The one additional feature I wish dialysis machines had



Dr. John Agar asked all the patients on the Home Hemodialysis group on Facebook a few weeks back, what additional features we would like on hemodialysis machines? I don't remember the exact words and I don't even remember what I answered.

Thinking about it now, I feel that if there was an accurate way for hemodialysis machines to determine how much above my dry weight I actually was, I think it would make my life a lot easier.

Dry weight is the weight of a dialysis patient assuming there is no excess fluid in the body. Since the kidneys of a dialysis patient do not work, excess fluid and toxins that healthy kidneys remove, start accumulating in the body leading to various complications. These are removed during the dialysis treatment.

While toxins are removed automatically based on the concentration gradient between the blood and a fluid called dialysate and we usually do not 'set' the amount of these toxins to be removed, the fluid is removed based on a machine setting. You basically 'set' the machine to remove a certain amount of fluid. If you're a good boy or girl, this is typically under 1 to 2 litres. If, on the other hand, you're like me, a non-compliant patient, this could be up to 5 litres sometimes!

Now the tricky part is figuring out how much to remove? Apart from the additional fluid, the patient's weight might have risen or fallen due to various other factors - exercise, nutrition, just after a meal etc. For us nocturnal patients, the last one of these is typically the culprit. Your weight may be off depending on how light or heavy your dinner was and how long after dinner did you check your weight to determine your fluid removal goal.

Due to this, I have often tried to remove too much or too little fluid leading to all kinds of issues.

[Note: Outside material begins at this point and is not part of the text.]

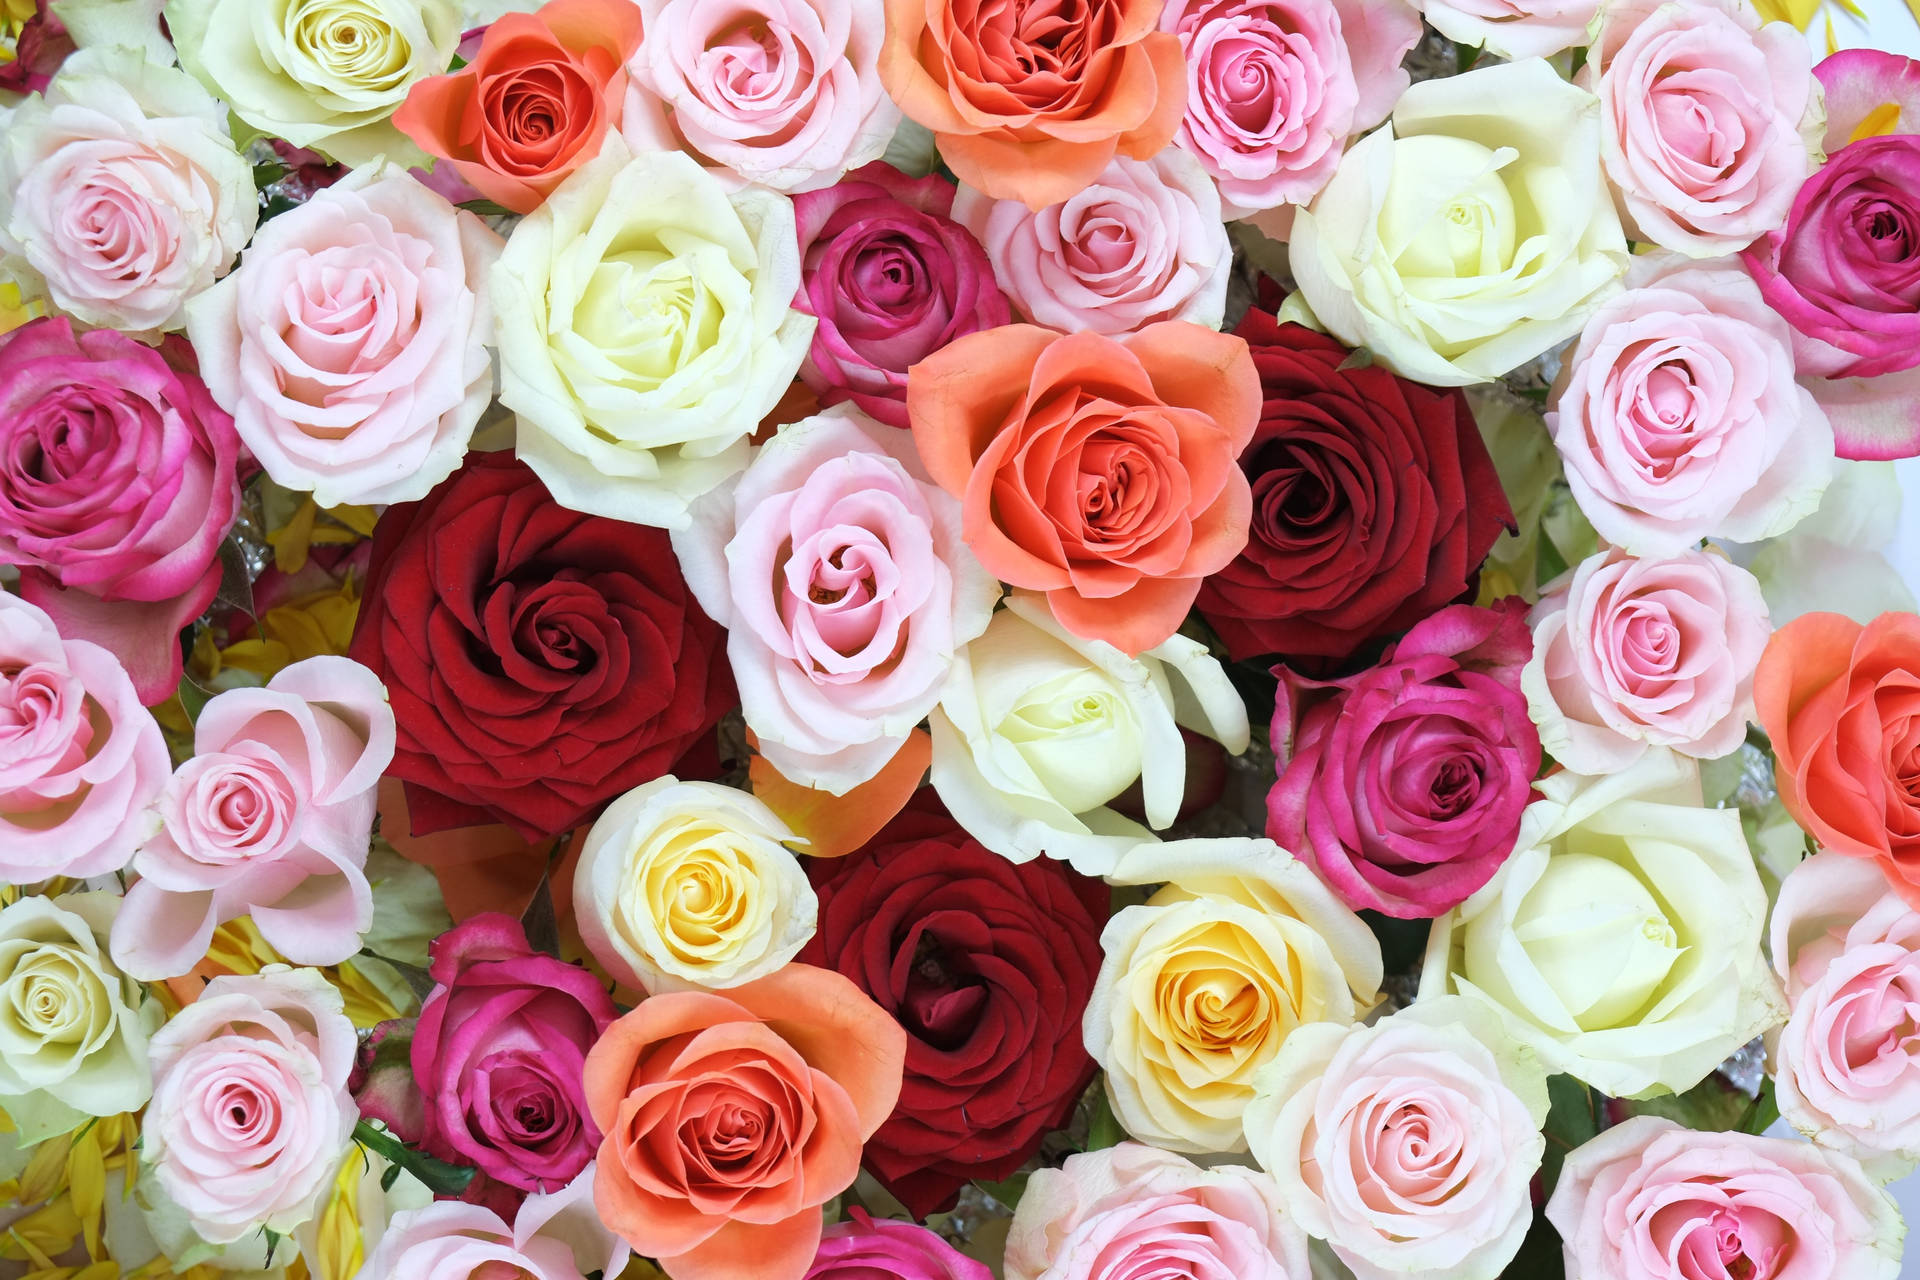 Exquisite Array of Vibrant Roses in Unique Flower Design Wallpaper

If the hemodialysis machine could automatically detect the amount of excess fluid and advise me to remove a certain amount, I could either accept or ignore that advice. The technology I think is already available. I have seen a machine some time back that used Bioimpedance to determine the amount of excess fluid in the body. It wasn't accurate enough though.

By improving the accuracy and integrating this technology into the hemodialysis machines, I am sure many patients would be saved from complications such as cramps, hypotension and breathlessness due to wrongly setting fluid removal goals during hemodialysis treatments.

Comments

jogalamurali said…
Hi Kamal,

Sorry that I have missed to see and read this post before and just come across today and so would like to share the below information which may be helpful to fix your Dry Weight.

I don't think it is the Technology of Bioimpedance. Its actually a IVC Scanner.

In Apollo, Jubilees hills, they DO a SCAN (the machine is similar to 2D-Echo Scanner) to figure out the patient Dry-weight. With this machine they scan the IVC (Inferior Vena cava), the large vein that carries the blood from the entire lower part of the body and connects to heart.

if the patient is near about his/her Dry-weight, the IVC shows the required compression in SCAN. If the patient has some excess fluid in the body i.e with fluid overload, then IVC in the body gets dilated and it will show less compression in the SCAN. (This is what I could understand from the explanation while discussing with the doctor).
With the help of this periodical SCAN, there, they slightly adjust the patient's UltraFiltration volume. this way it is useful in fixing the Dry-weight which normally changes due to various factors that you mentioned.

Last Year, as I was suffering with uncontrolled hypertension, my Doctor advised me to first figure out the dry-weight before increasing the Dosage of medicines. But they were not doing this SCAN as OP diagnosis. One Doctor (PG Student) was doing Project study on this subject then, and he was doing this SCAN for all the Dialysis patients.



Kamal D Shah said…
Oh ok. Thanks for the information Murali.